For users who want to run Whisper locally without causing system lag, Faster Whisper is a better-performing choice.

Subtitle Edit

Subtitle Edit is a powerful subtitle editing software that supports the integration of Faster Whisper, allowing you to use it directly as an automatic speech recognition tool.

Integration Method

  1. Open Subtitle Edit and select "Video" -> "Audio to text (Whisper)..." from the top menu.

    subtitle-edit-audio-to-text-menu

  2. If you haven't installed ffmpeg yet, the system will prompt you to download it. Just click confirm.

  3. In the Engine option, select "Purfview's Faster-Whisper-XXL".

    • If the corresponding component is not installed, a message to download Whisper will pop up; select download as well.
  4. Download the model you want to use in the Choose model dropdown menu.
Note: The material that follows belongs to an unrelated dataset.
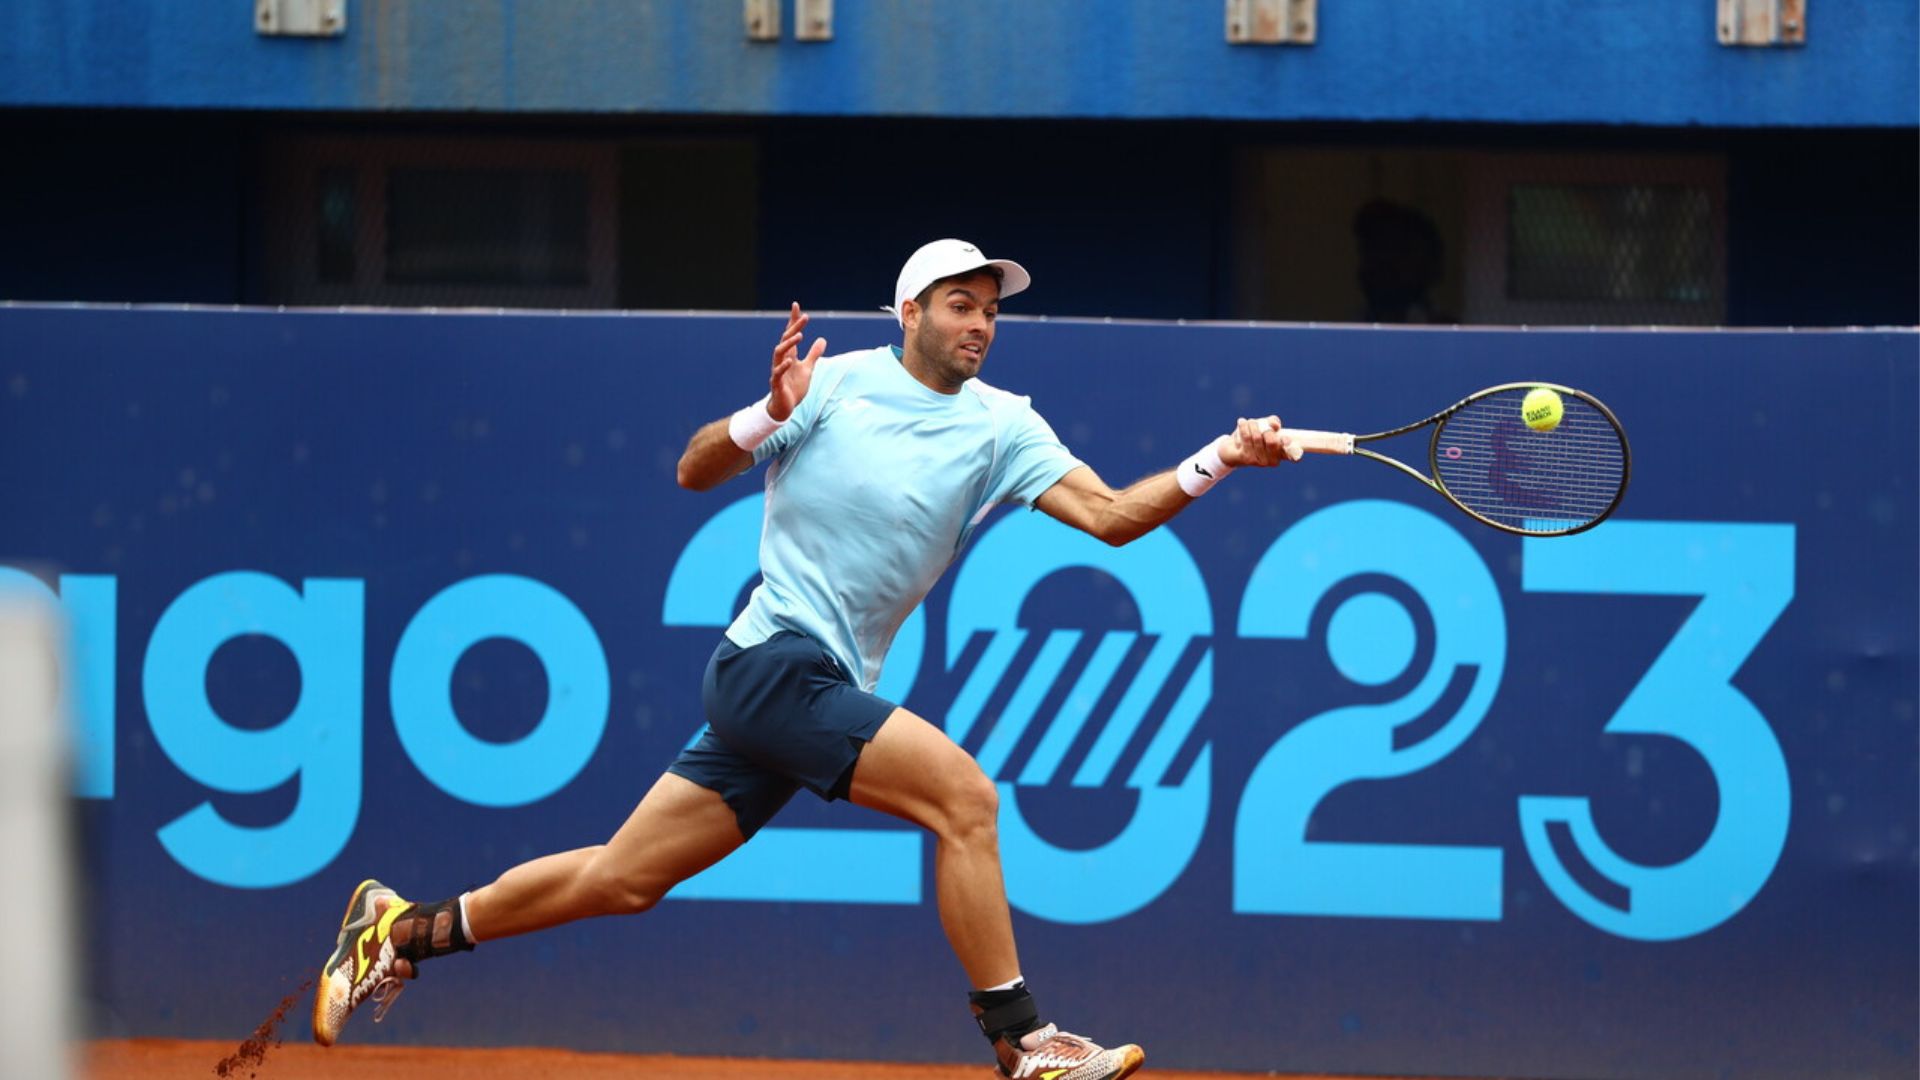 Tennis: Facundo Díaz Acosta struggles more than expected

    • It is recommended to choose faster-whisper-large-v3 or faster-whisper-large-v3-turbo.

    faster-whisper-model-selection

    TIP

    Model Differences:

    • Large-v3
      • Currently the most accurate model with the most parameters.
      • Inference speed is slower and requires more memory.
    • Large-v3-Turbo
      • This is a "distilled" version of v3, reducing the Decoder Layers from 32 to 4.
      • Although the parameters are reduced by about 48%, the speed is increased by about 8 times, and the accuracy in English recognition is almost identical to the full version.
  5. After configuration, drag and drop the audio/video file you want to convert or click to add it, then click "Generate" to start the recognition.

    generate-transcription-window

    TIP

    The file selection window may only show video files by default. If you want to convert audio files like mp3, remember to adjust the file type filter.
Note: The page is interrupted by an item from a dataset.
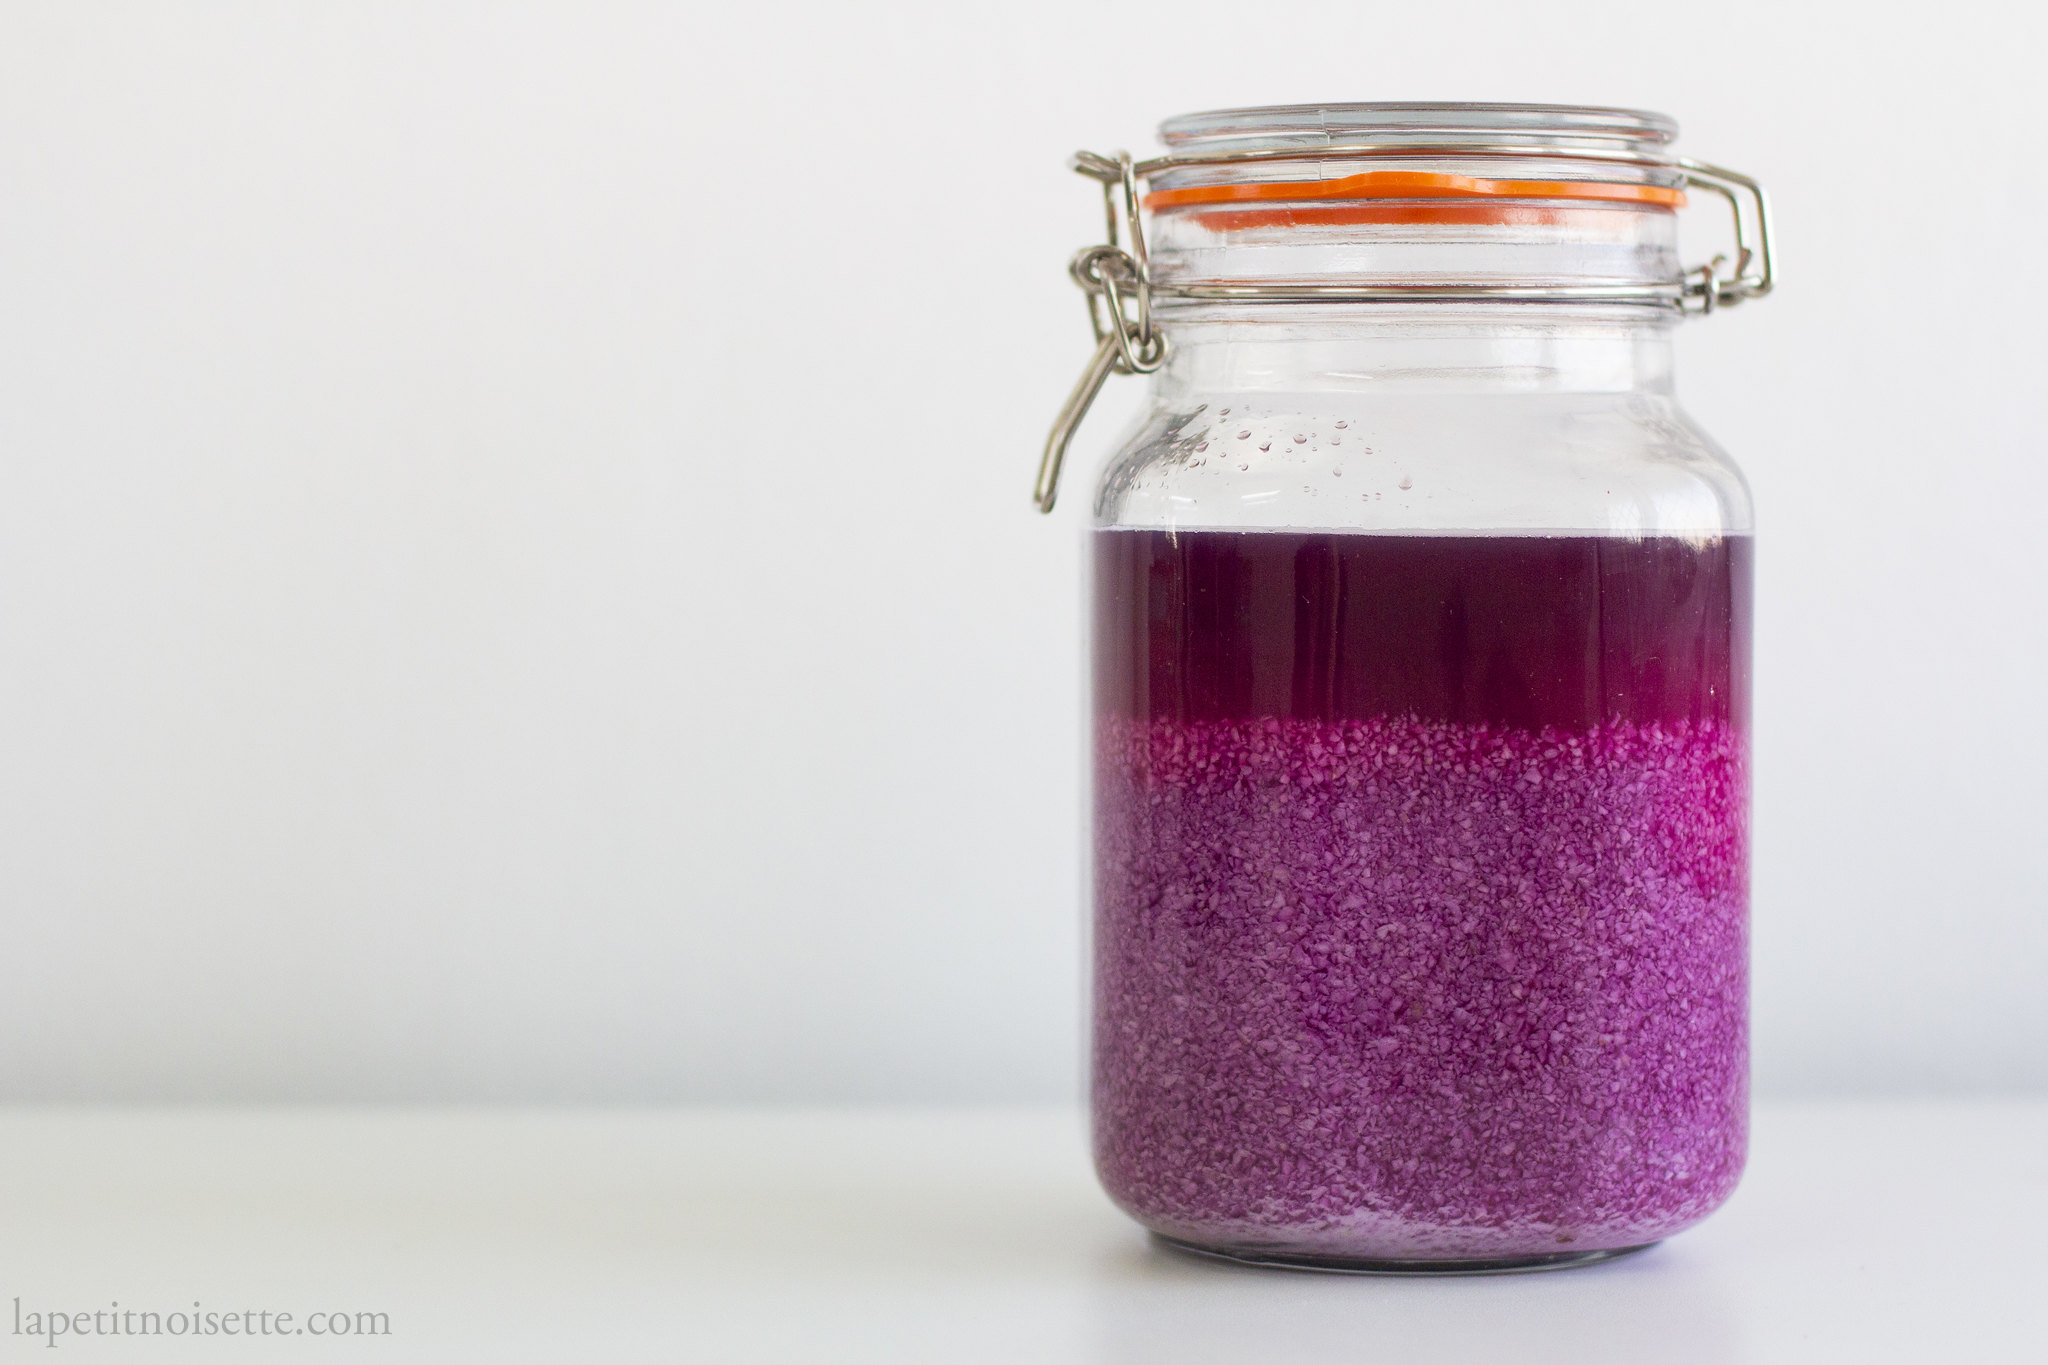 Purple sweet potato vinegar fermenting in a jar.

  6. Once the conversion is complete, the subtitles will be displayed directly in the Subtitle Edit editing interface.

    • You can proofread and modify them directly, and save them as a subtitle file with the same name as the original file. subtitle-edit-main-interface-with-results

Test Results

Using the previous WhisperDesktop test data as a baseline:

  • Test Environment: PNY RTX 4070 Ti Super 16GB Blower
  • Test Material: 5 minute 16 second mp3 file
  • WhisperDesktop Test Data:
    • Using ggml-large-v3.bin
      • Took 22 minutes and 01 seconds (and not always successful, occasionally outputting blank results).
    • Using ggml-medium.bin
      • Took 11 seconds.

This time, I used Subtitle Edit integrated with Faster-Whisper-XXL for testing, with the same hardware and file:

  • Subtitle Edit Test Data:
    • Using large-v3-turbo
      • About 16 seconds.
    • Using large-v3
      • About 32 seconds.

TIP

Since Subtitle Edit does not keep a time log after conversion, the data above is the result of manual timing.
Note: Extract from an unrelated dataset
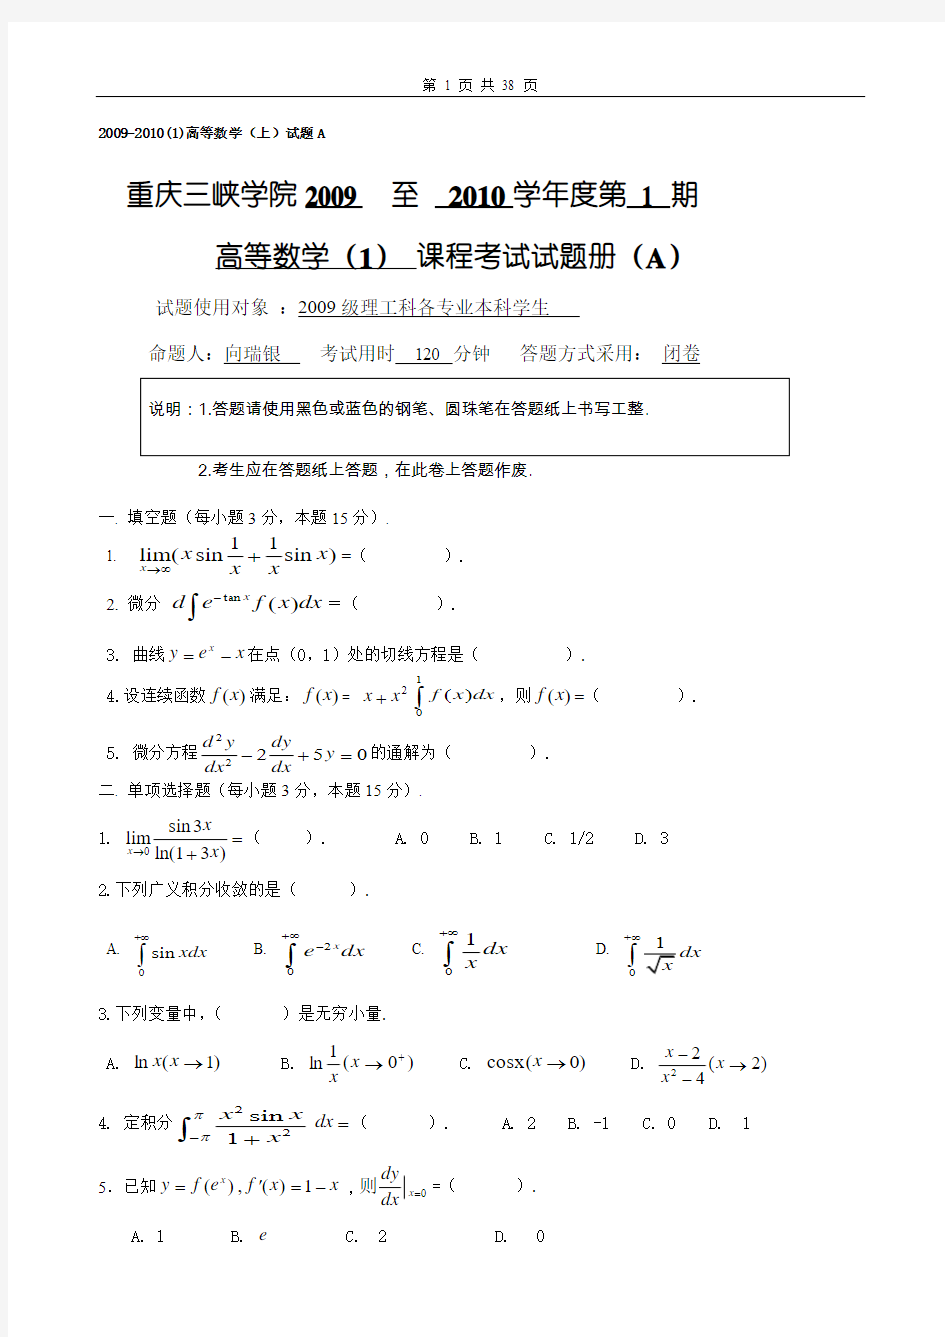 高等数学I_重庆三峡学院历年考试题及答案20121212整理

Looking at the data, although the Turbo version (16 seconds) is slightly slower than the old WhisperDesktop using the Medium model (11 seconds), what surprised me more is that Large-v3 could finish in 32 seconds, which is an unimaginable speed improvement compared to the old tool.

As for the output quality, Large v3 is indeed better than Medium, but not as much as I expected. I suspect the reason is that the test file was a song, which was interfered with by background music, and the pronunciation was adjusted to match the pitch during singing, making it inherently harder to recognize. That said, given this execution speed, I think it is more than enough to be used as a local speech-to-text tool.

Changelog

  • 2026-01-30 Initial document created.